One friend, (you know who you are!) sends me the Oxford Classics in the neat little hardbound volumes that they used to make. I have almost a full set of the Barsetshire novels, several of the Palliser novels, lots of Tolstoy and, best of all, Tristram Shandy. The Tristram Shandy went with me to the Caribbean and read it twice in the two years I spent there. It is battered, with a mysterious brown stain on one page, but it is still holding together. The pages will never fall out. It is probably 30 years older than any of the disintegrating paperbacks.

I have a copy of La Regenta, by the Spanish novelist Leopoldo Alas. It is a great novel. I started reading it and about 100 pages in the pages started falling out to an alarming degree. I basically gave up and put it back on the shelf because I just couldn't stand the disintegration. The fear of disintegration makes me hesitate to read that nice Ecco Press complete Chekhov too. When I read Clarissa I end up literally tearing the book to pieces. It comes out in this enormous single volume, published by Penguin books; 1400 pages of probably 9-point type. By the time I am halfway through it is split, and then it is easier to just read it in pieces. I have tried with the copy I have now to be extra careful and it has actually survived a reading. It looks pretty good.

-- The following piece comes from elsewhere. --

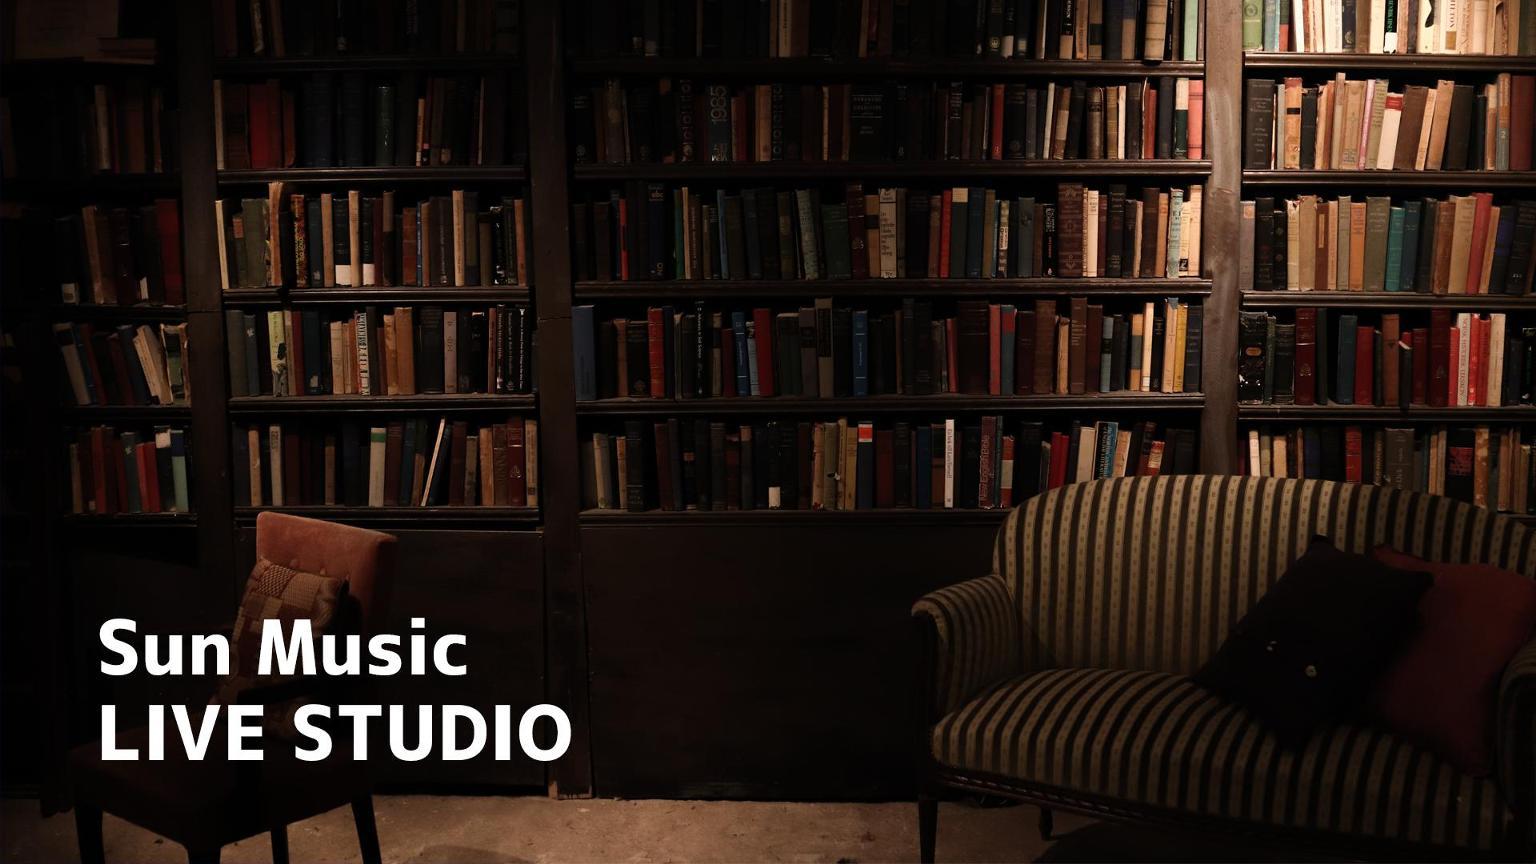 Sun Music Live Studio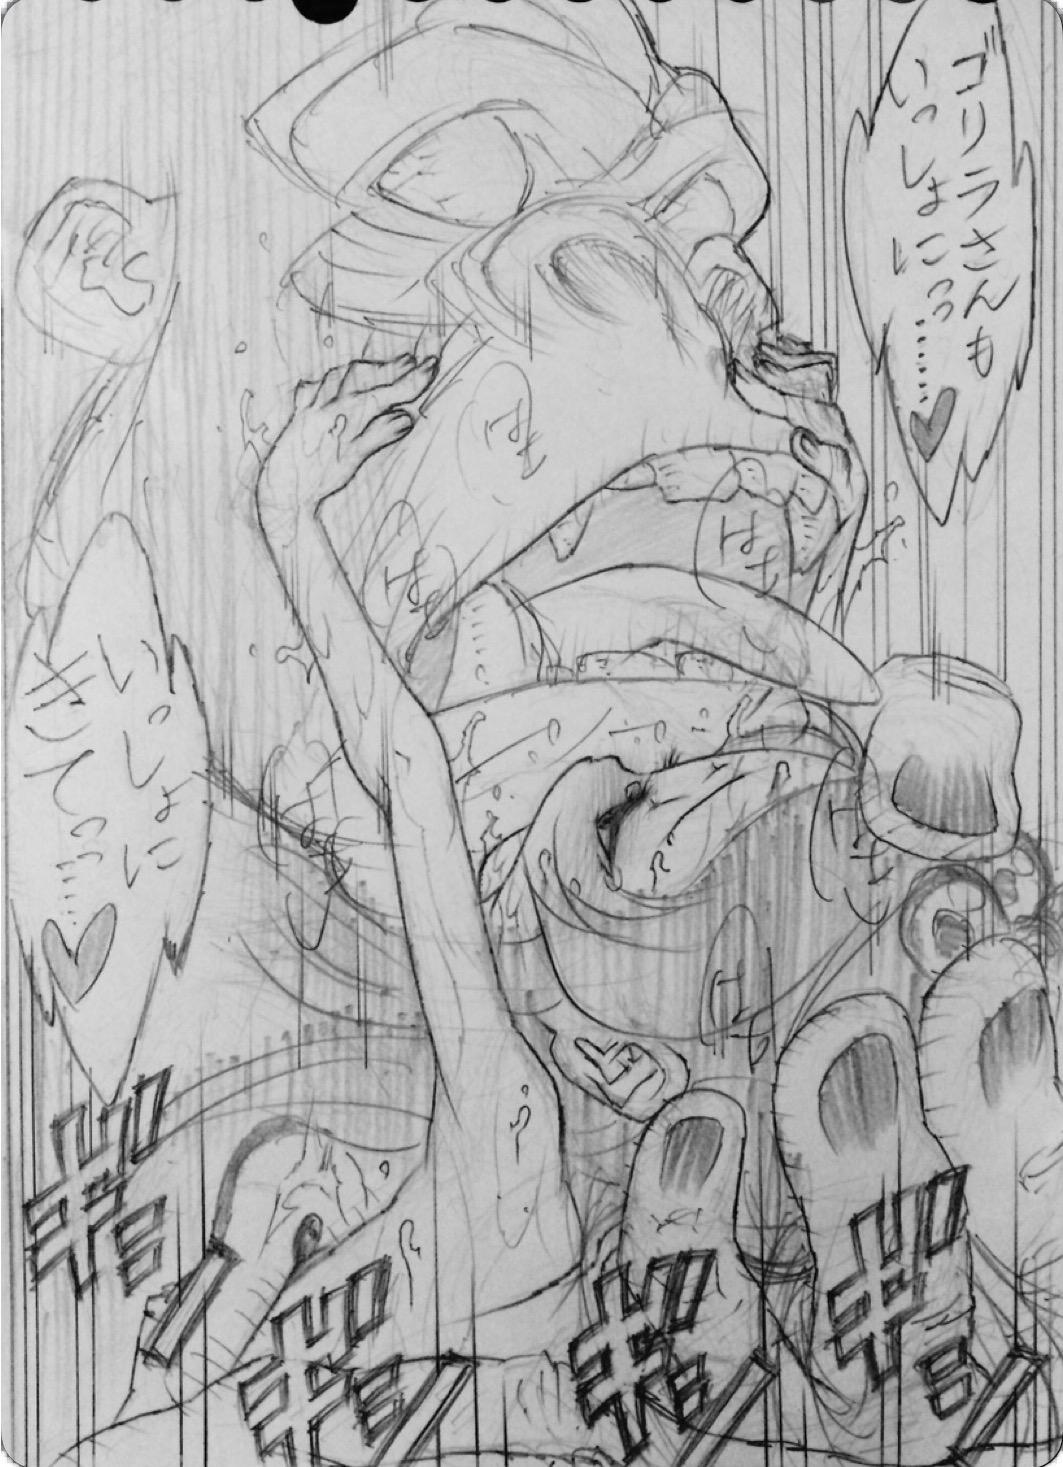 Gorilla-san and... 50

Because I don't have all my books the present state of my book collection looks strangely incoherent. They have been in boxes in this storage unit for years, and yet still, I have the sense of incompleteness, of essential things missing. What's missing? My old copy of Dryden's complete poems that I used when I studied the Augustan poets with Ken Ellyson; the Theodore Besterman life of Voltaire; a very fragile old pocket-sized copy of The Rise of the Dutch Republic (though why should I complain about that when I have another edition in much better shape here?); D.H. Lawrence's letters, all of Lawrence, actually. (It's not that hard to get hold of all of Lawrence, but these have associations.)

No, if the circumstances of my ridiculous life had permitted me I would not have parted with a single one. I can use them all. And although I don't collect as avidly as I used to, in my mind I keep a list of things that I want to get, to read and add to the collection because I got the idea that they are going to lead me somewhere. It's nice that they are out there.